Установка для получения колец Ньютона освещается монохроматическим светом, падающим по нормали к поверхности пластинки. Радиус кривизны линзы R = 8,6 м. Наблюдение ведется в отраженном свете. В результате измерений установлено, что радиус четвертого темного кольца (считая центральное темное пятно за нулевое) г4 = 4,5 мм. Найти длину волны ^ падающего света.
Calculation of the Wavelength of the Incoming Light
The behavior of light can be studied through the phenomenon of interference. When a monochromatic light is directed at a surface, the resulting interference patterns can reveal the properties of the light as well as the medium it travels through.

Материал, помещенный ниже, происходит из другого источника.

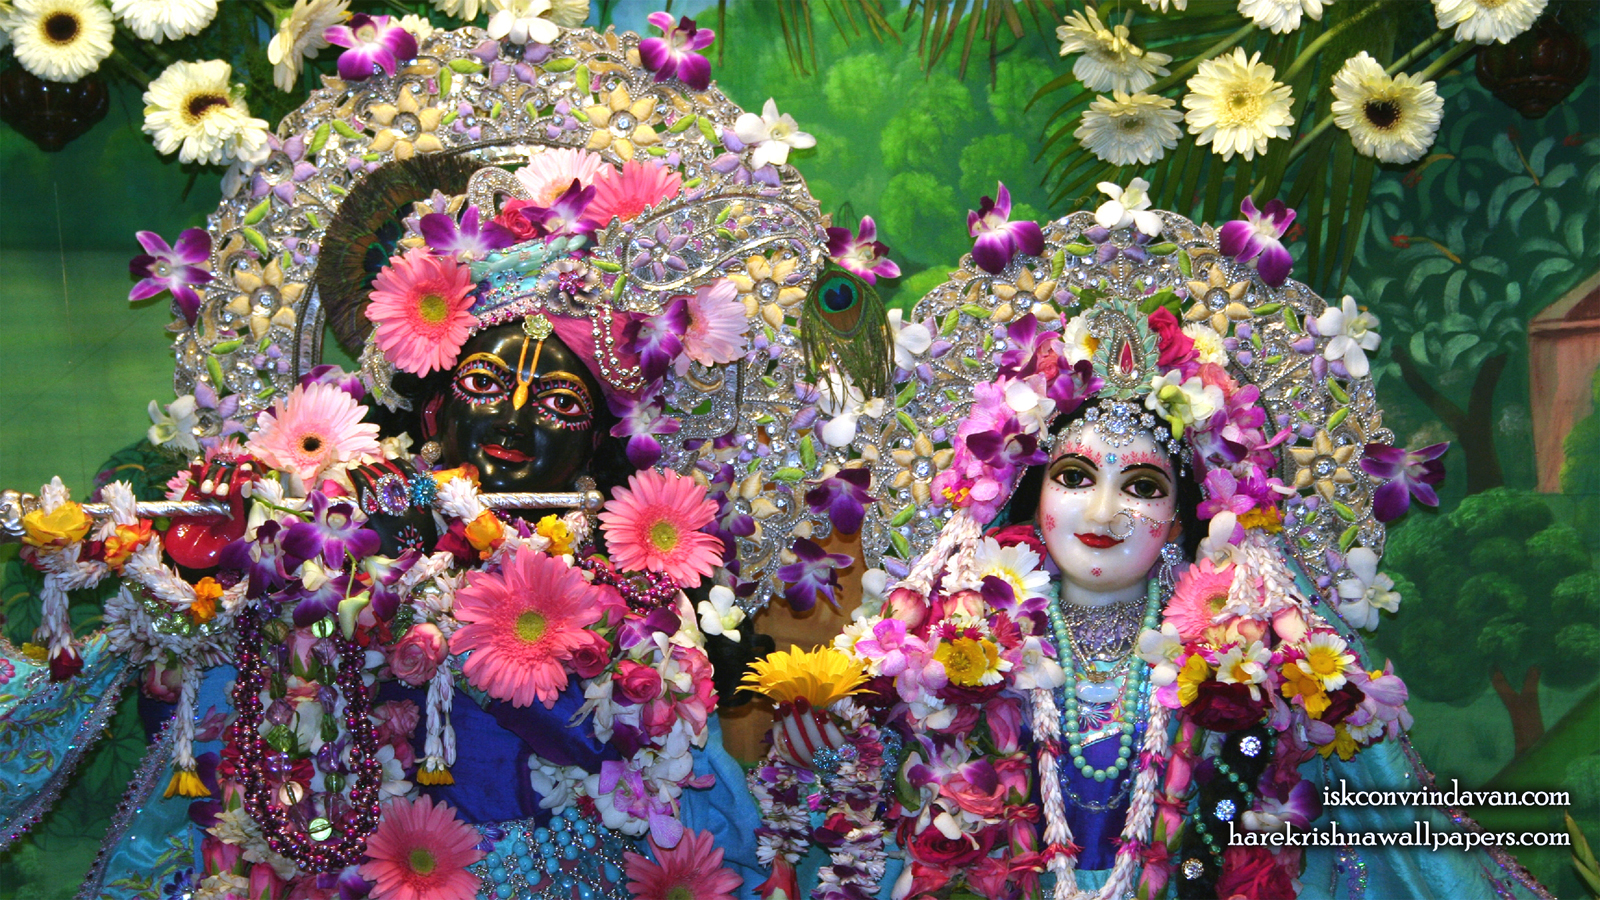 Sri Sri Radha Shyamsundar Close up Wallpaper (001) Size 1600x900 Download

In your case, the experiment involves a light source directed normally at the surface of a plate. The light interacts with the plate and forms a series of concentric rings, with the center being a dark spot. The fourth dark ring, with a radius of 4.5 mm, is the last ring before the central spot.
Deriving the Formula for the Radius of the Dark Rings
Once the radius of the fourth ring is known, it can be used to determine the wavelength of the light. The radius of the nth dark ring can be mathematically expressed as follows:
Rn = √nλR
where Rn is the radius of the nth dark ring, λ is the wavelength of light, and R is the radius of curvature of the lens.
In our case, the equation can be rewritten as:
R4 = √4λ(8,6)
Simplifying the equation, we get:
4,5 mm = 2√λ(8,6)
Now, by solving for λ, we obtain the wavelength of the incoming light:
λ = (4,5 mm)2/34,96 mm
This gives us a value of 0.625 mm, which is the wavelength of the monochromatic light source used in the experiment.